My mother said she had one a long time ago but i don't remember it so i thought id share this flower with you all to see if you have seen this..

A Bat Flower.






Thank you for stopping by and having a look at the weird flower..


----------



## FaeryBee (May 9, 2011)

*That is an incredibly strange looking flower -- I've never seen anything like that before.

Now I'm off to do some research on it!!

http://www.softschools.com/facts/plants/black_bat_flower_facts/934/

*


----------



## LynandIndigo (Jan 21, 2012)

Oh dear. I better shift Indigo he is in the lounge room with the bat plant i don't want him to get the evil eye from the bat plant. hee hee... Thank you for the research. Ill go back and read more. I better not look at it today.. I'm going to move Indigo now don't want the bat plant to stalk Indigo with him looking at it all day...

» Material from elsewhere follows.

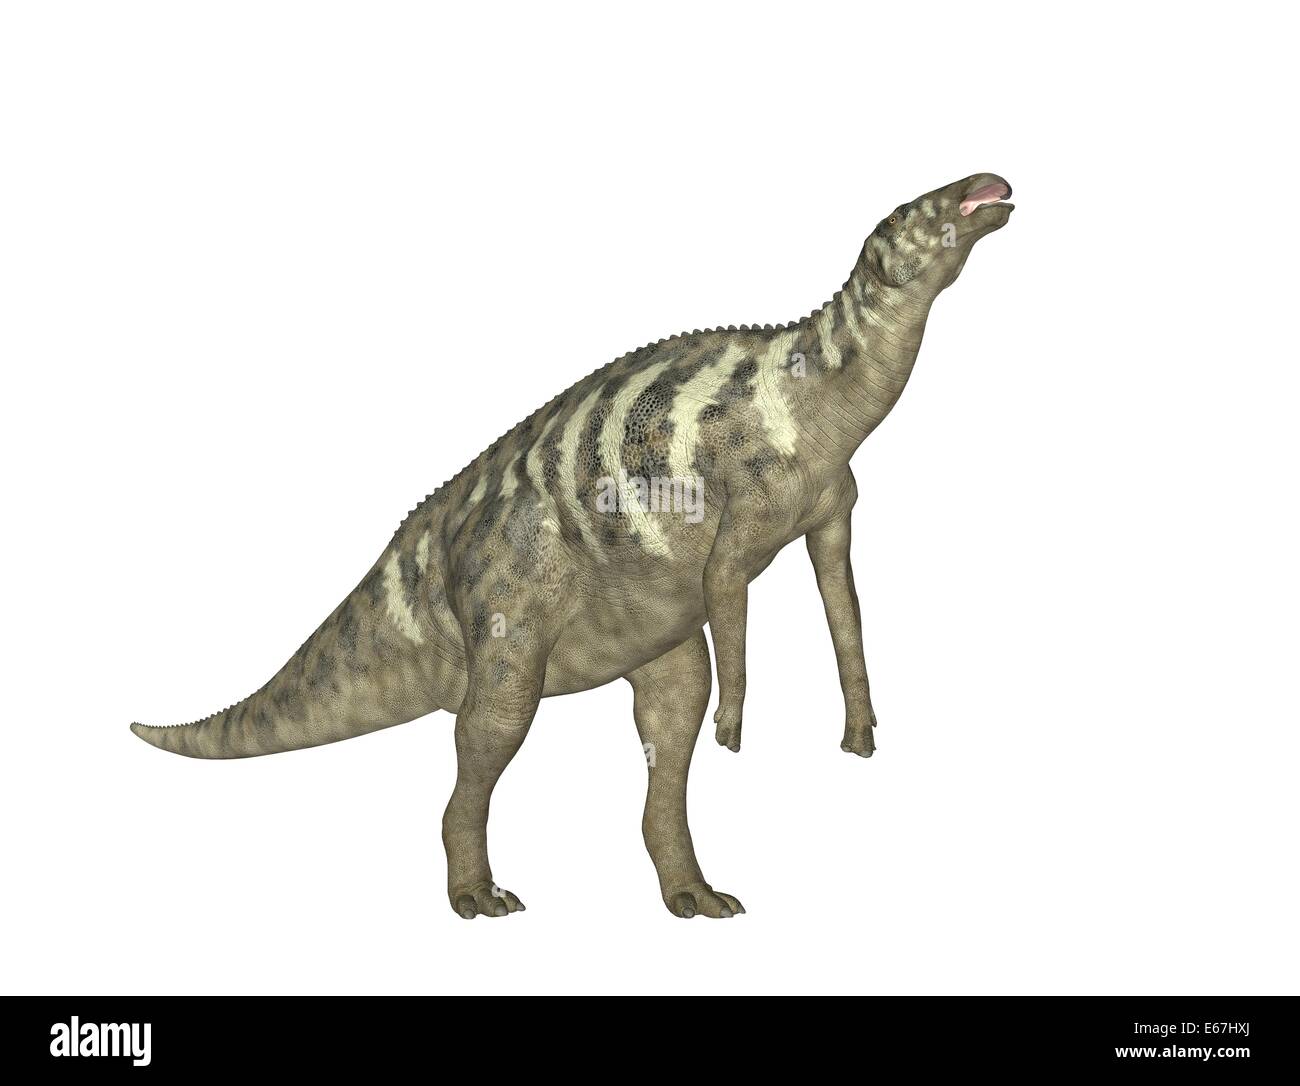 Dinosaurier Edmontosaurus / dinosaur Edmontosaurus Stock Photo
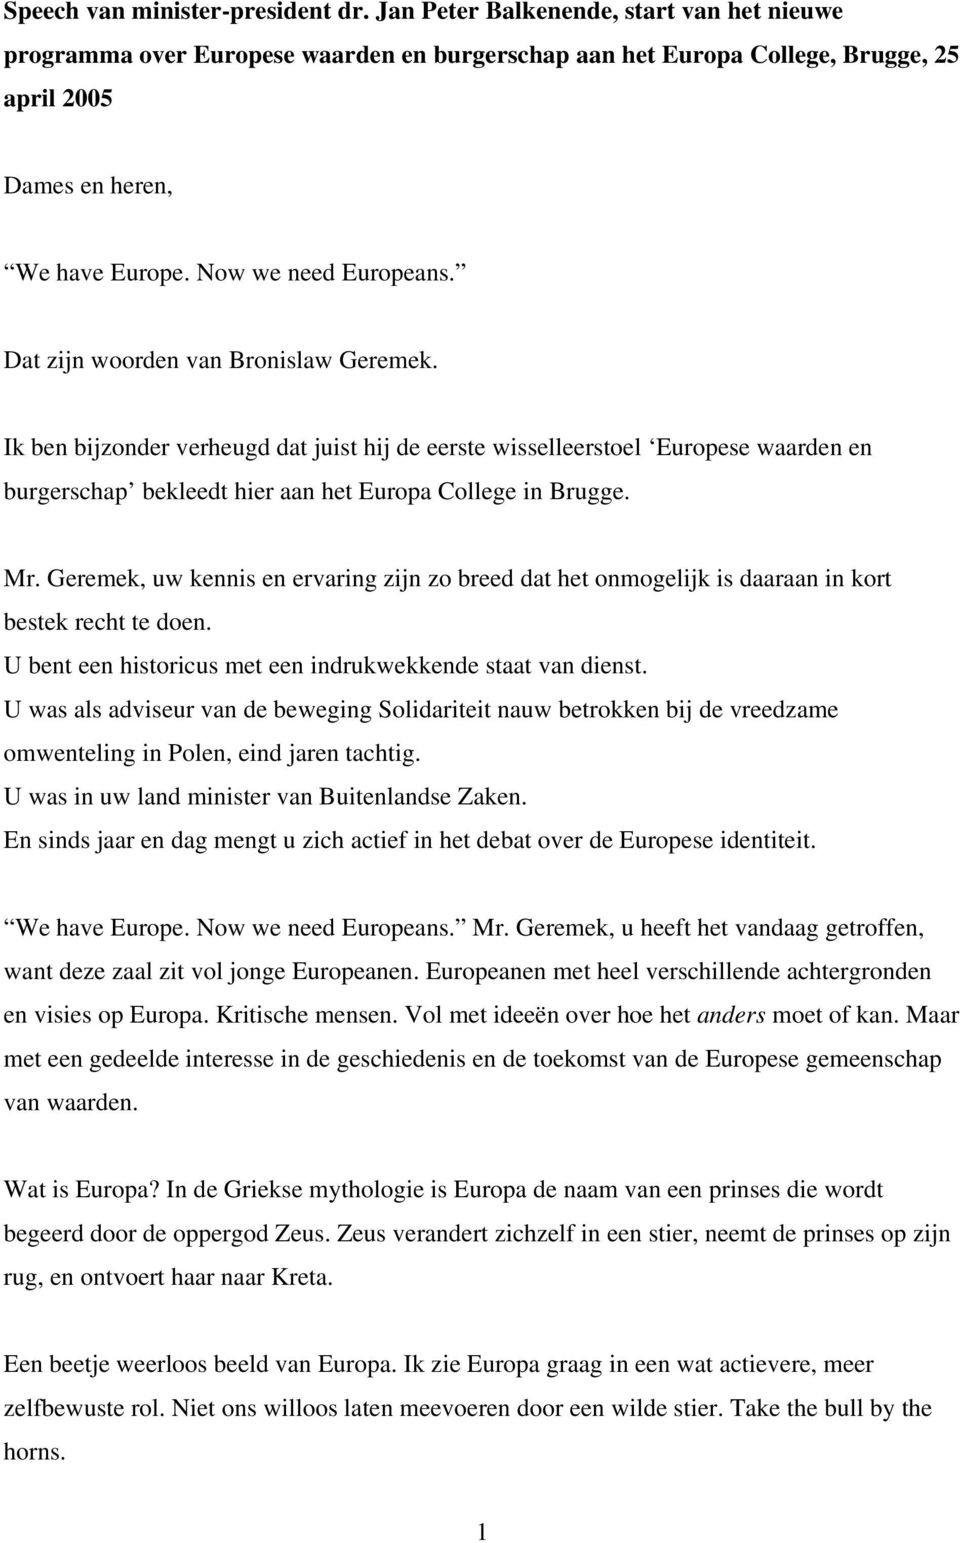 Dat zijn woorden van Bronislaw Geremek. Ik ben bijzonder verheugd dat juist hij de eerste wisselleerstoel Europese waarden en burgerschap bekleedt hier aan het Europa College in Brugge. Mr.

I found this in your research Deb...
Allegedly, evil eye will start stalking you if you spend too much time looking the plant


----------



## kcladyz (Apr 8, 2014)

That is a cool flower!!!!!!1


----------



## LynandIndigo (Jan 21, 2012)

kcladyz said:


> That is a cool flower!!!!!!1


Thank you Heidi. I have to go and check out Indigo he is in the lounge room i can't hear him talking hope the bat plant isn't scaring him...


----------



## kcladyz (Apr 8, 2014)

I hope he does not eat it or try to


----------



## LynandIndigo (Jan 21, 2012)

kcladyz said:


> I hope he does not eat it or try to


No. Indigo is in his cage at the moment the plant is on the table in front of the window in the lounge room... Indi is fine playing with his bell in his cage..


----------



## kcladyz (Apr 8, 2014)

thats good. budgies are very curious creatures


----------



## LynandIndigo (Jan 21, 2012)

kcladyz said:


> thats good. budgies are very curious creatures


Heidi. You know that i would never put Indigo in any danger of any plants etc. I love my budgie very much.. Indigo is my best friend....He can't reach the flower...


----------



## kcladyz (Apr 8, 2014)

Sorry I was not trying to suggest that. i know you love him !


----------



## LynandIndigo (Jan 21, 2012)

kcladyz said:


> Sorry I was not trying to suggest that. i know you love him !


That is alright i no Heidi I am alright I wasn't upset just wanted to say that i love Indigo so much. You are a very good friend of mine..... So don't worry ok. All is good..


----------



## kcladyz (Apr 8, 2014)

Indigo is adorable. I know he loves his bell. My oliver has a thing for bells also.


----------



## LynandIndigo (Jan 21, 2012)

kcladyz said:


> Indigo is adorable. I know he loves his bell. My oliver has a thing for bells also.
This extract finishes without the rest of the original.